No , didi hindi meh samjata hu , the question is " Kitna order Company ko aaya" answer hai 14 , Ur point is valid when question is " kitna order deliver hua" then answer is 12 here u remove cancellation.
could you please tell how you imported this data in sql so that we can also run these query.
You can find the code in the description box of this video , just copy paste that's it
Bro plz make visualisation of this on tableau....a full project
Yes will be covering everything in phases
For 4 th question answer should be 9,,,,bcz on same order_id more than 1 orders are placed
I had a question. if I put this project in my resume and the interviewer asks from where I have got this data and the questions so what should I answer? Should I say that its a dummy dataset and the question are made by myself? Plz ANS!!!!!
Where's the dataset on your GitHub??
SQL is showcasing Null or Blank values when I used this Query , "select * from customer_orders c join driver_order d on c.order_id=d.order_id where d.cancellation not like '%cancel%'".

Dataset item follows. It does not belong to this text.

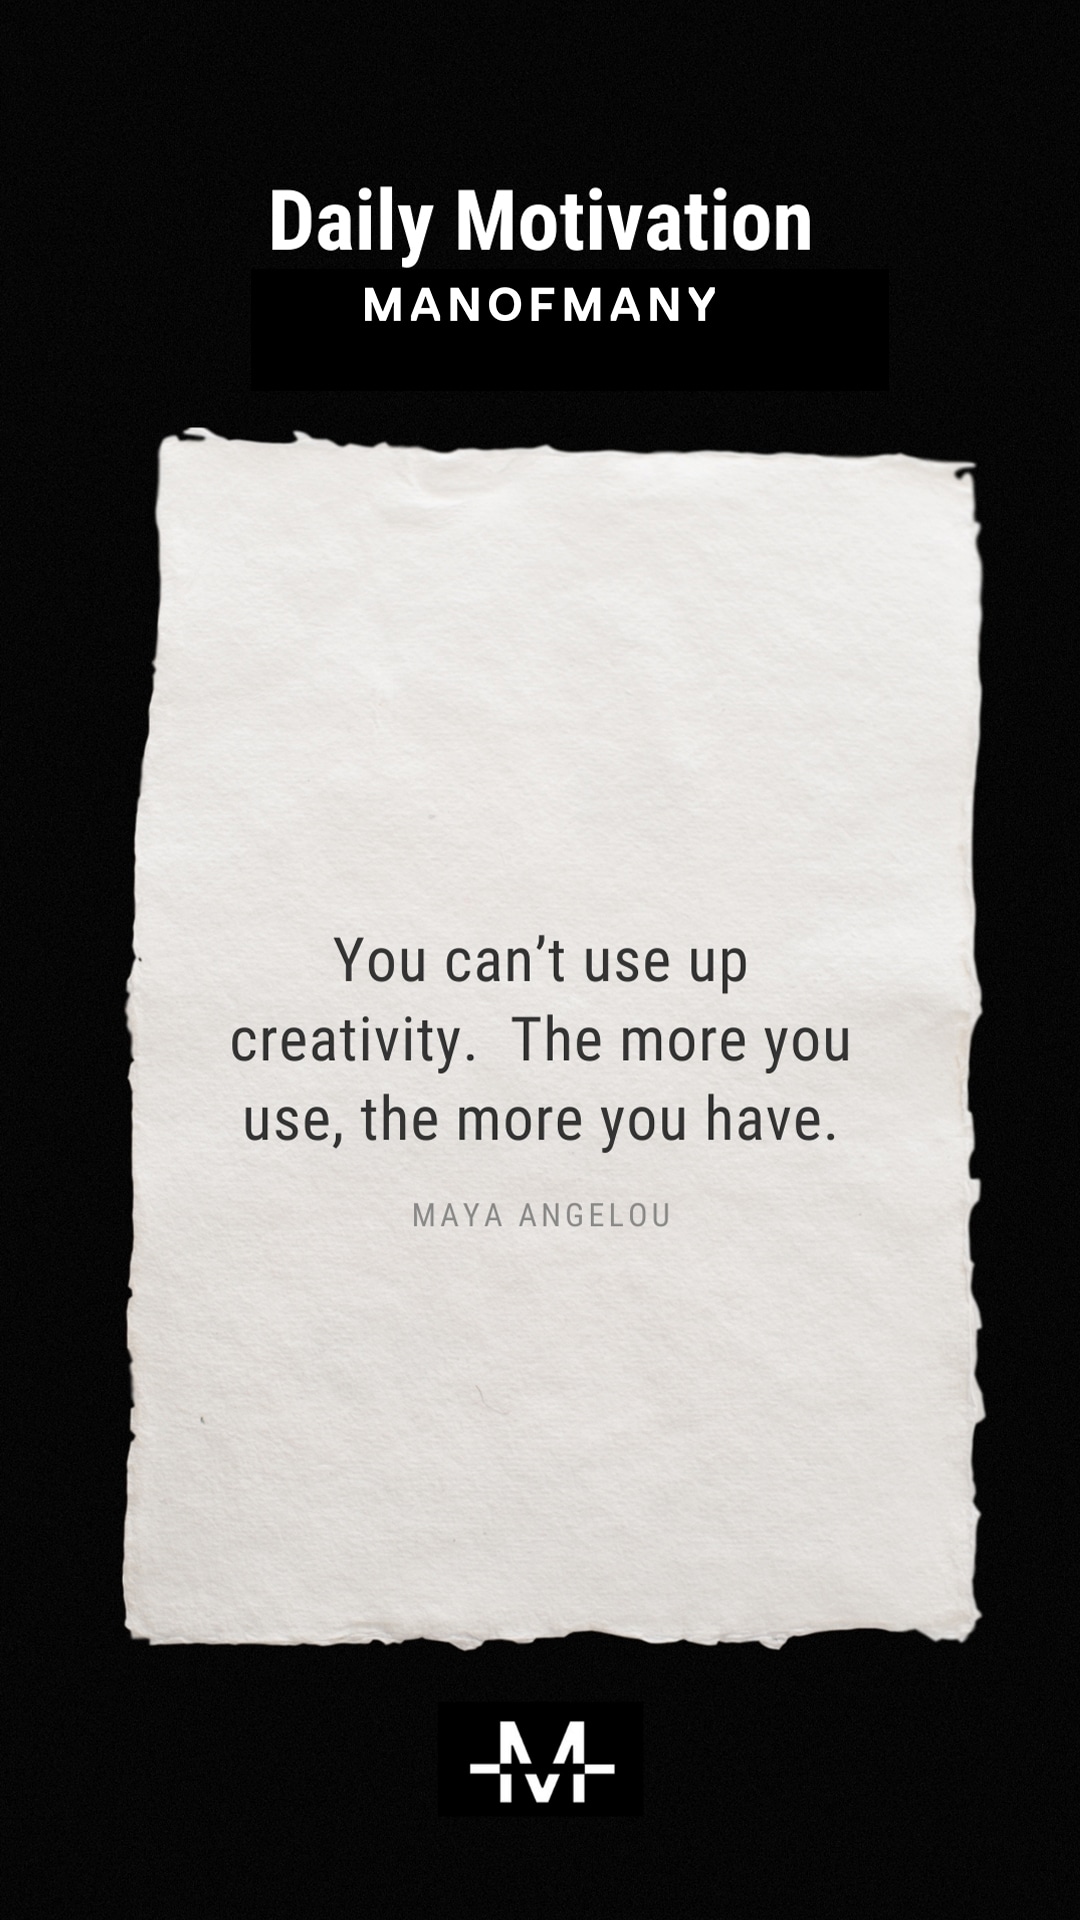 You can’t use up creativity. The more you use, the more you have. –Maya Angelou quote

Any shortcut command to directly convert the date format from mm-dd-yyyy to yyyy-dd-mm in mysql?
Bro tell me also if u found it
Bro tell me also if u found it
ur content is much appreciated but mike sound is very noisy and loud
Thanks and sorry
Sir i learned data analyst from your channel sir but where to find the jobs sir pls make a video where to find jobs , how to find jobs tips and tricks sir 😭🙏🙏🙏❤️❤️❤️
Sure
HI Ashutosh , Could you pls check your question No 3 : output is wrong As initially before filtering out cancellation & customer cancellation the total number of successful order was 10 which is right & after applying NOT in (cancellation,Customer cancellation) the total number of successful orders were 5 only but ideally there should be 8 🙂as we only have 2 unsuccessful orders in table , I hope u get my point
Yes, you are right
Bro, Can you please write queries in a proper sql query format, it will be easy to read query
Sure
@@AshutoshKumaryt Bhaiyaa aap SQL ke classes lete ho kya ? want to learn SQL from youuuu.
Hi sir I am struggling with a problem as I copy paste the dataset but error comes in date format. I have to manually change the format to yyyy-mm-dd, is there any other way by which I can change the format at once, it takes a lot of time to do this manually ,please help.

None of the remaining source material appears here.